Start of GIVEN ENTRIES

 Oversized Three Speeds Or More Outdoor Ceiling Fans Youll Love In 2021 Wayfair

End of GIVEN ENTRIES
Start of GIVEN ENTRIES

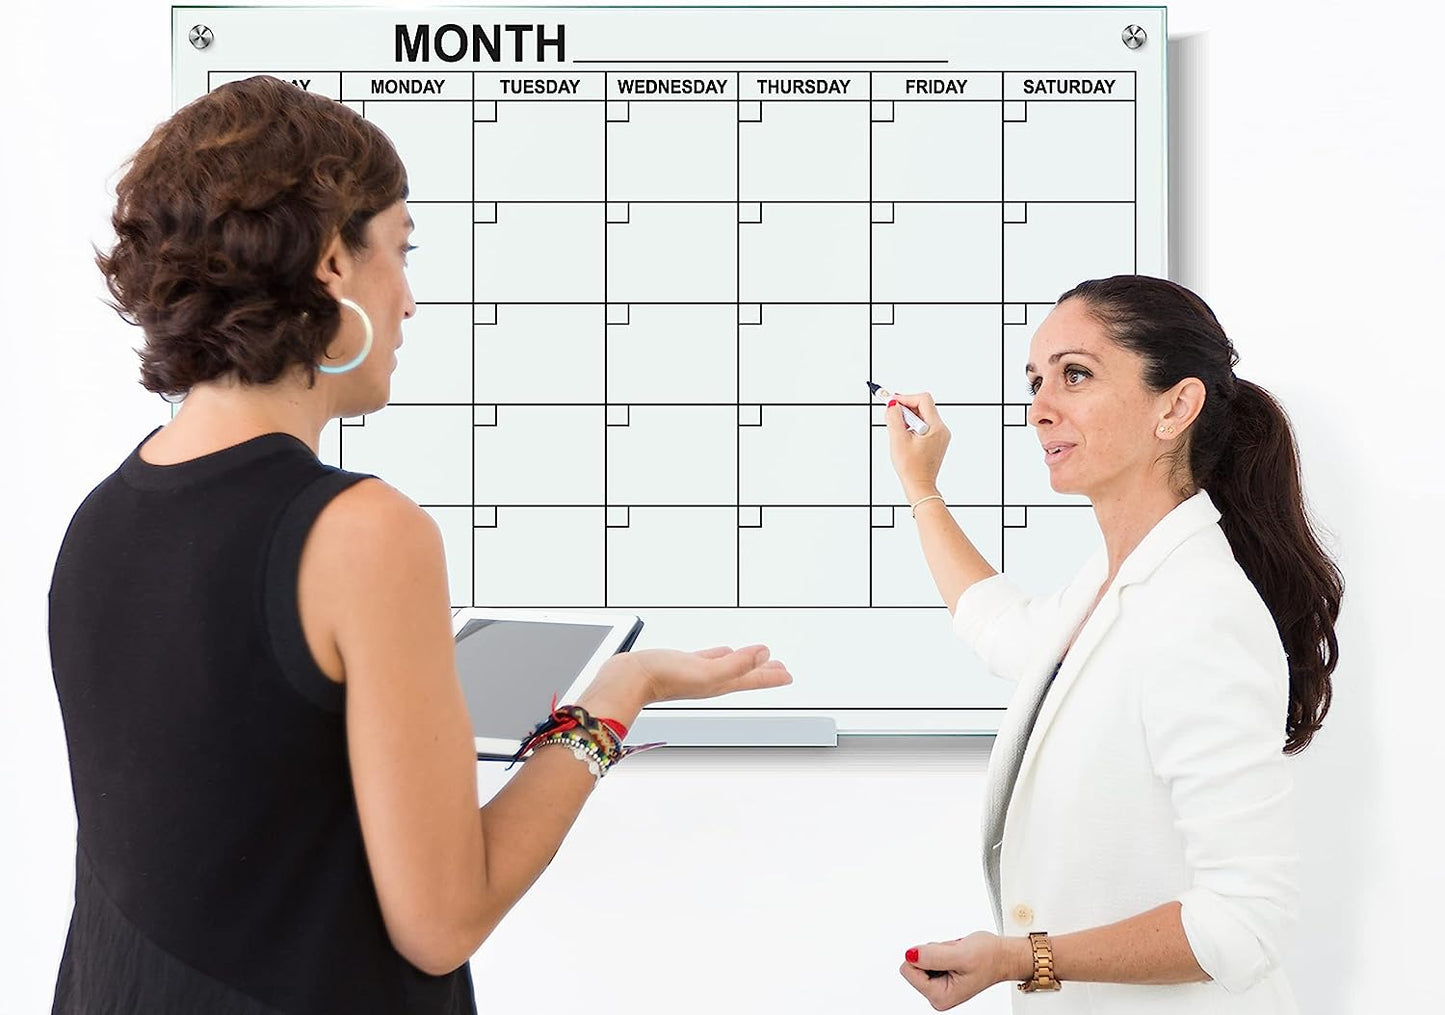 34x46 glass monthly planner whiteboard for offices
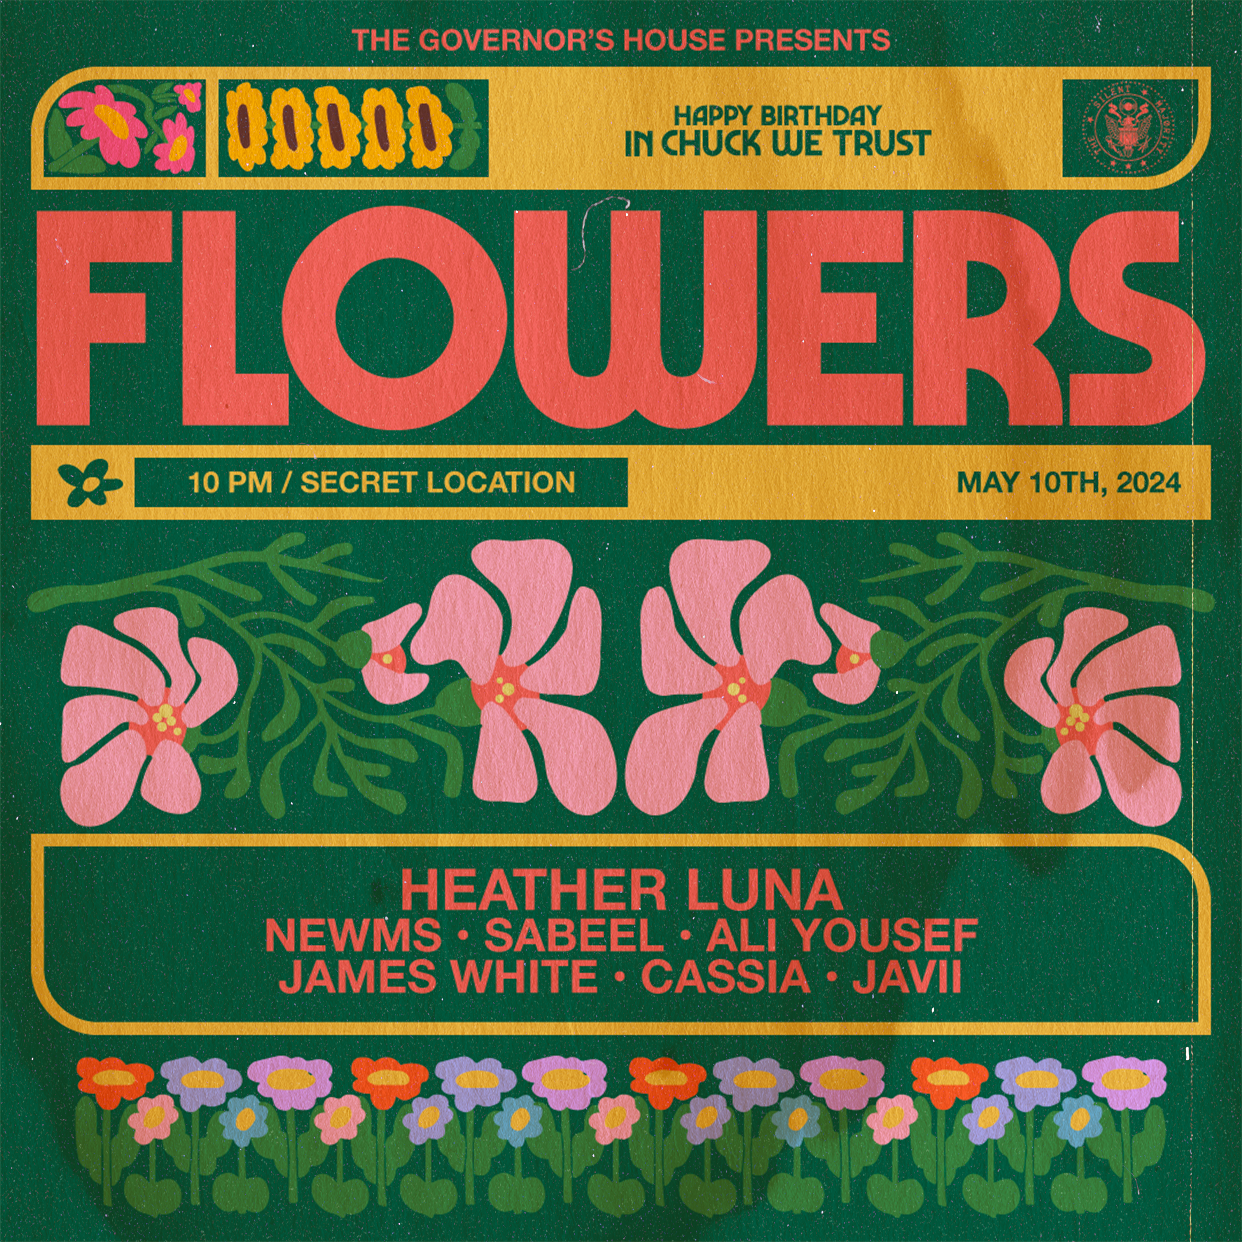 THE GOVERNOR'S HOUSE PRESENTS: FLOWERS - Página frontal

End of GIVEN ENTRIES

TASK:
Look through the listing above for the line with "34x46 glass monthly" and the line with "THE GOVERNOR'S HOUSE". Write out exactly those lines and everything between, leaving out pictures.

SOLUTION TO THIS TASK:
 34x46 glass monthly planner whiteboard for offices
 THE GOVERNOR'S HOUSE PRESENTS: FLOWERS - Página frontal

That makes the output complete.